What needs to be done
Repeat the listing exactly, minus the pictures.

Recorded data

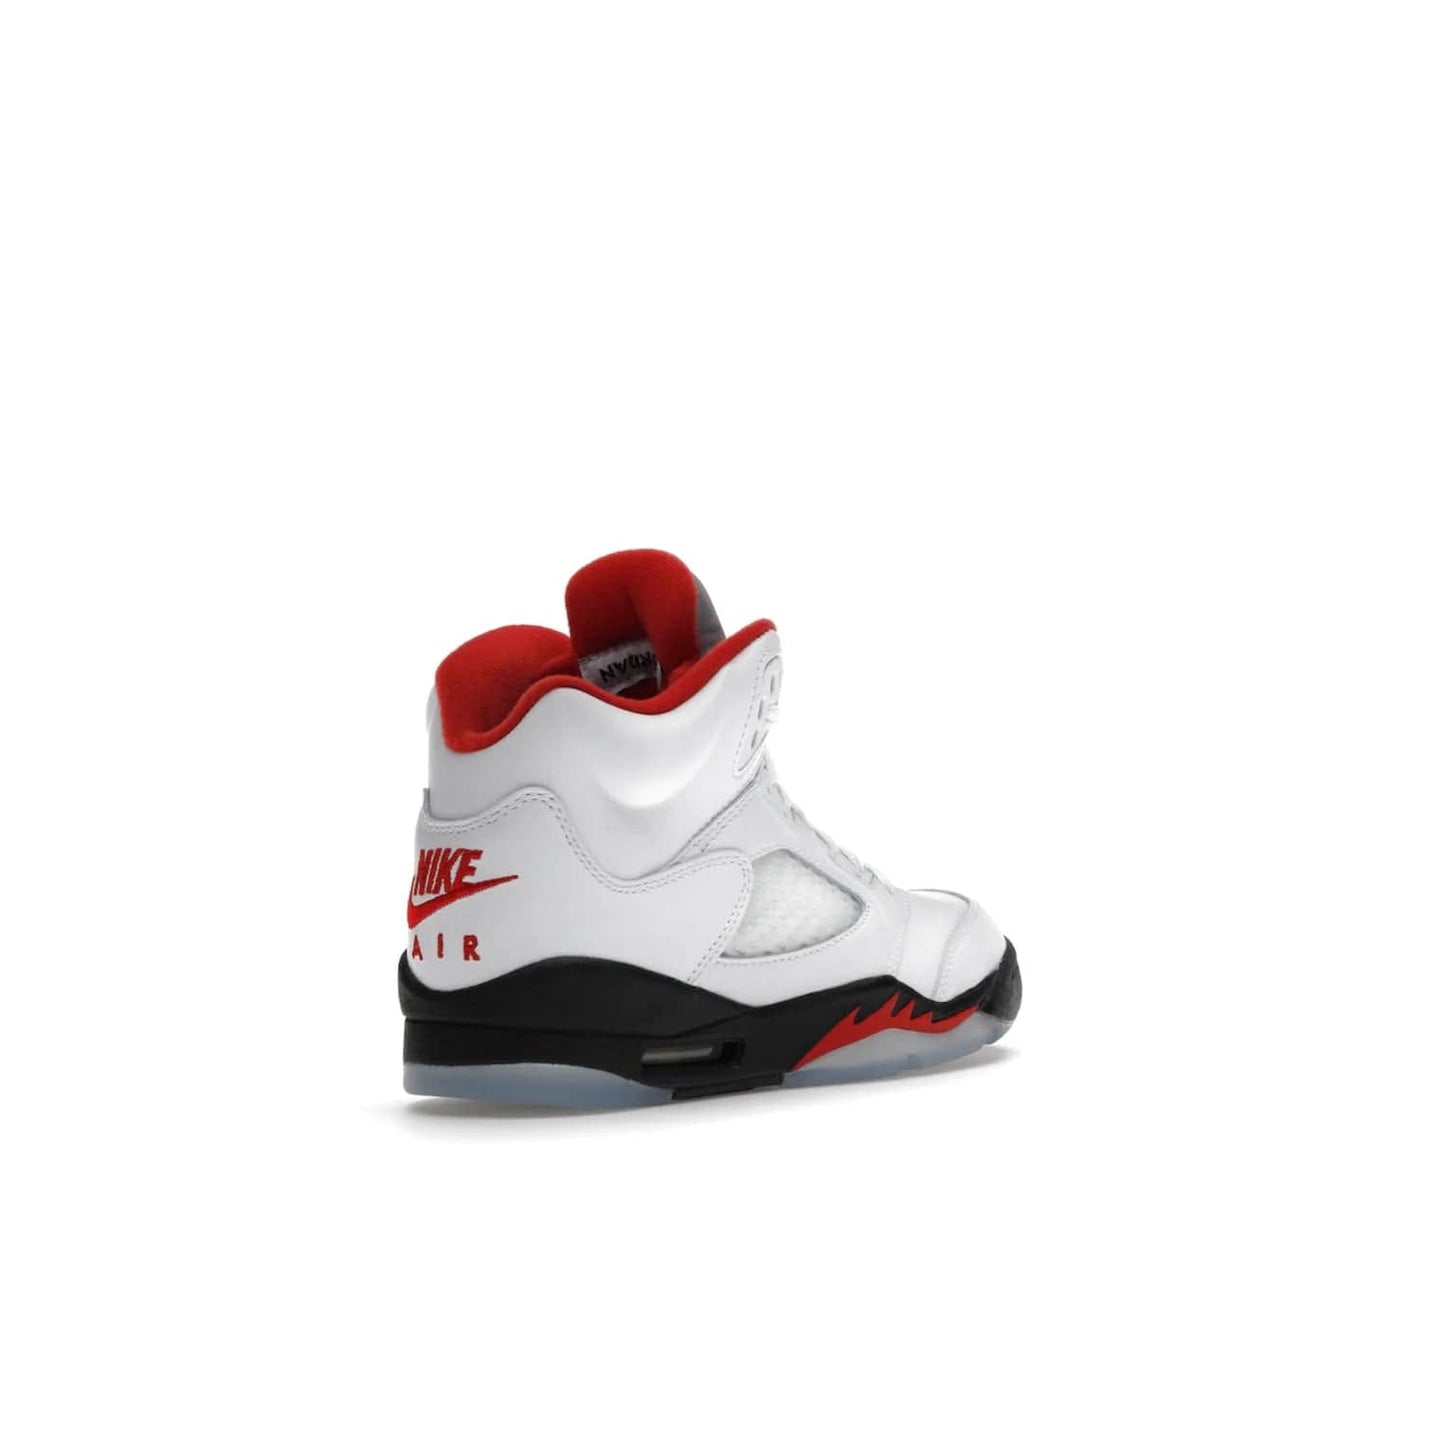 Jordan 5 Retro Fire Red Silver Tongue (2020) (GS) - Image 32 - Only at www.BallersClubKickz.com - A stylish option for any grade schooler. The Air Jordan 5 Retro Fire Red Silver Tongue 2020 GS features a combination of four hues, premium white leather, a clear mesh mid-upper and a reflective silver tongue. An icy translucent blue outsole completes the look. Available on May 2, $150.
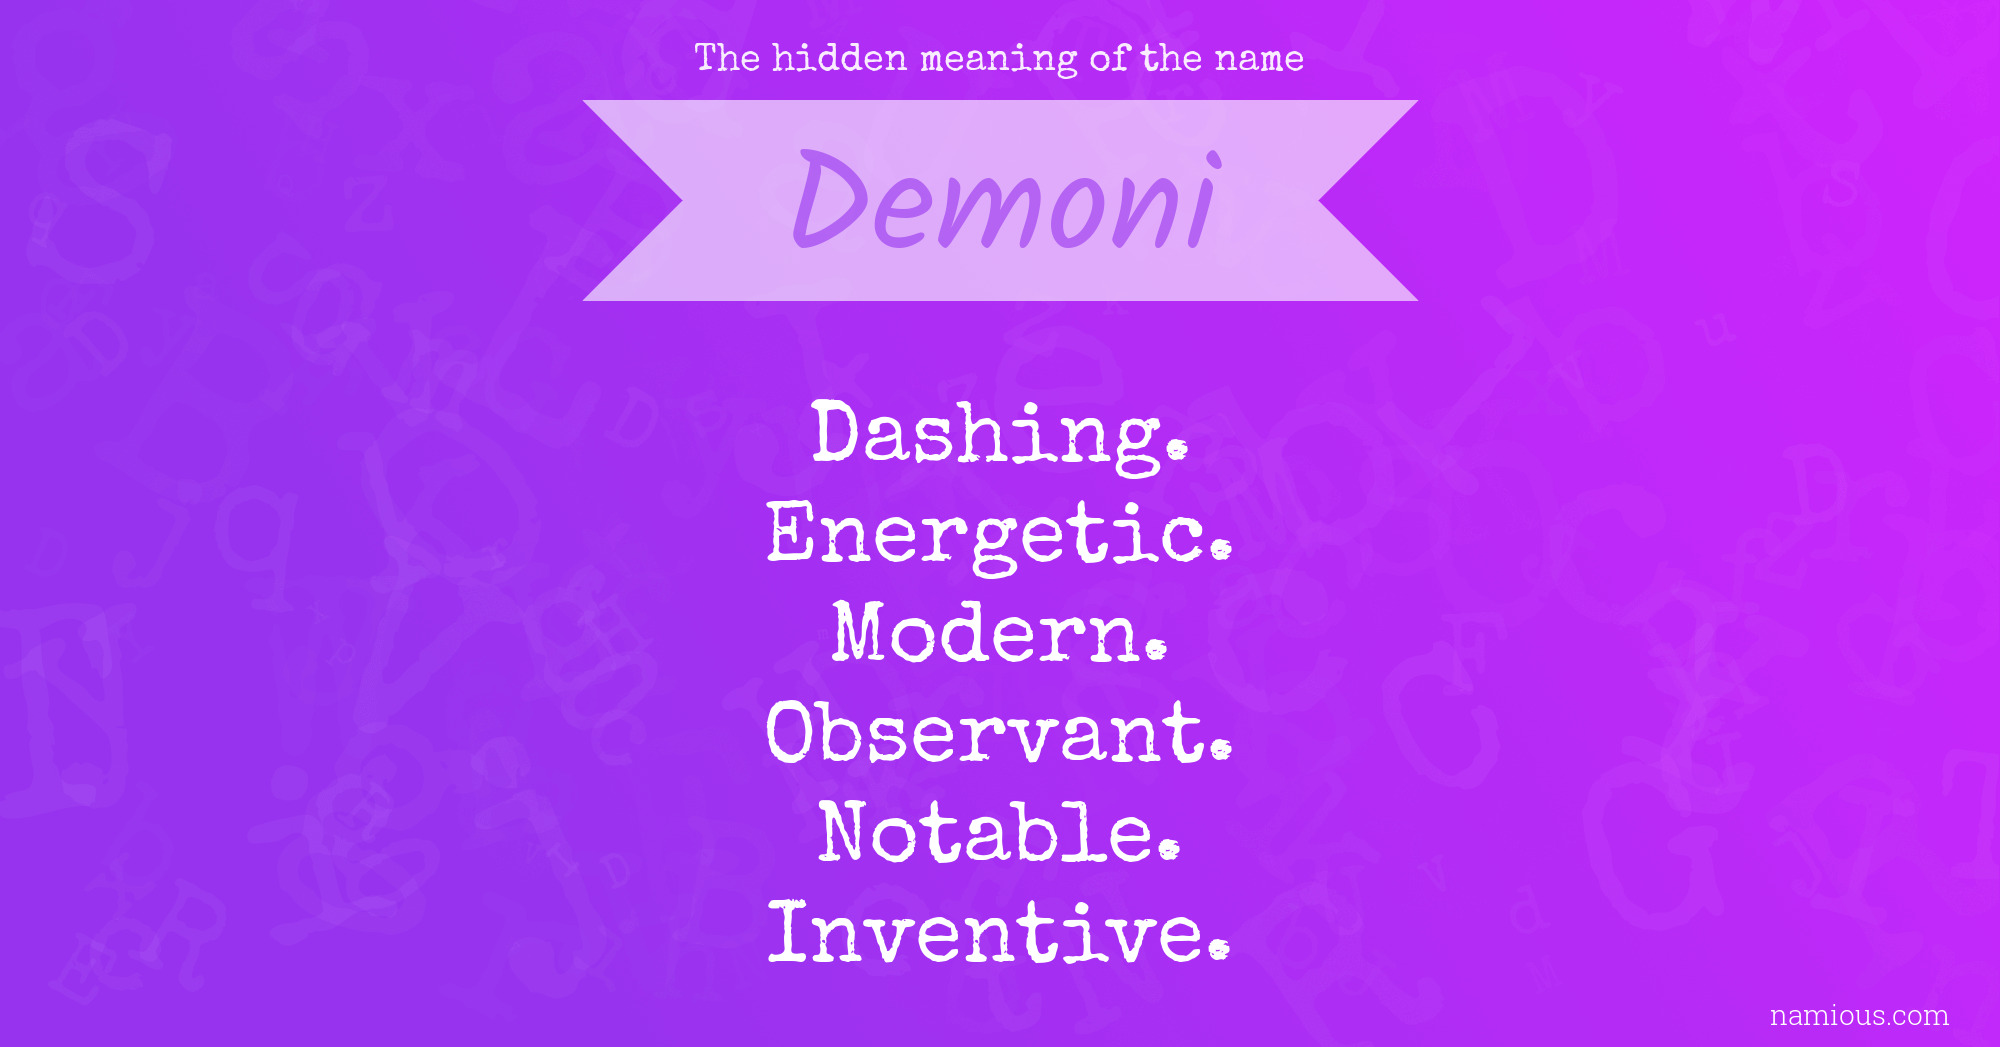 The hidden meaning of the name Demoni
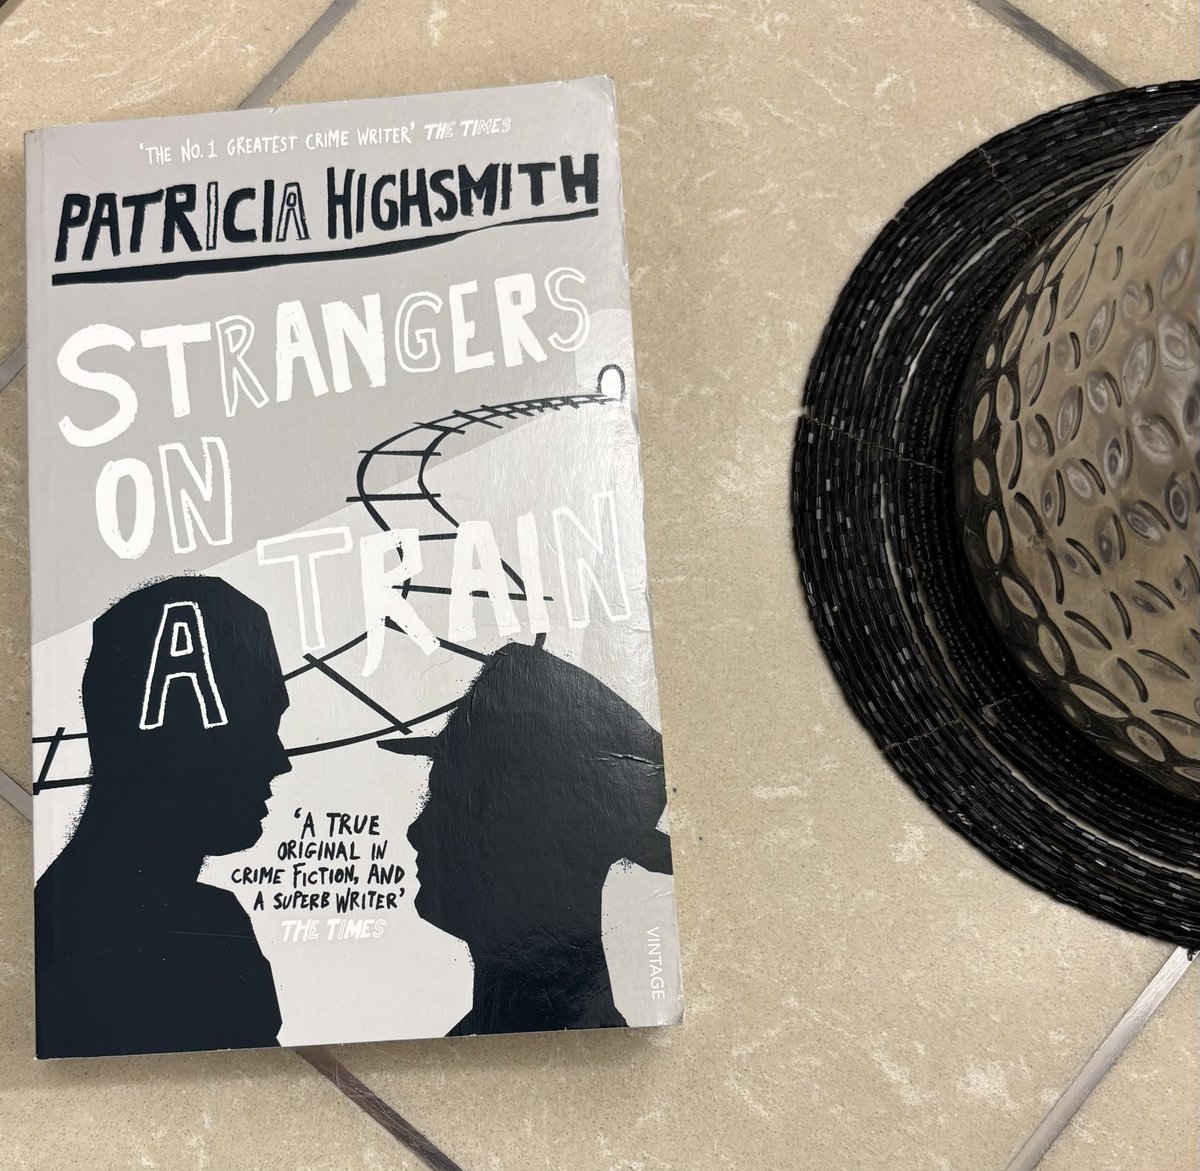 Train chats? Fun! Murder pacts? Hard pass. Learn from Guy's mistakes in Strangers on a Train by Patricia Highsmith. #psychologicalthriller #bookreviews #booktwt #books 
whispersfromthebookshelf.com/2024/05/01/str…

Expected output
 Jordan 5 Retro Fire Red Silver Tongue (2020) (GS) - Image 32 - Only at www.BallersClubKickz.com - A stylish option for any grade schooler. The Air Jordan 5 Retro Fire Red Silver Tongue 2020 GS features a combination of four hues, premium white leather, a clear mesh mid-upper and a reflective silver tongue. An icy translucent blue outsole completes the look. Available on May 2, $150.
 The hidden meaning of the name Demoni
 Train chats? Fun! Murder pacts? Hard pass. Learn from Guy's mistakes in Strangers on a Train by Patricia Highsmith. #psychologicalthriller #bookreviews #booktwt #books 
whispersfromthebookshelf.com/2024/05/01/str…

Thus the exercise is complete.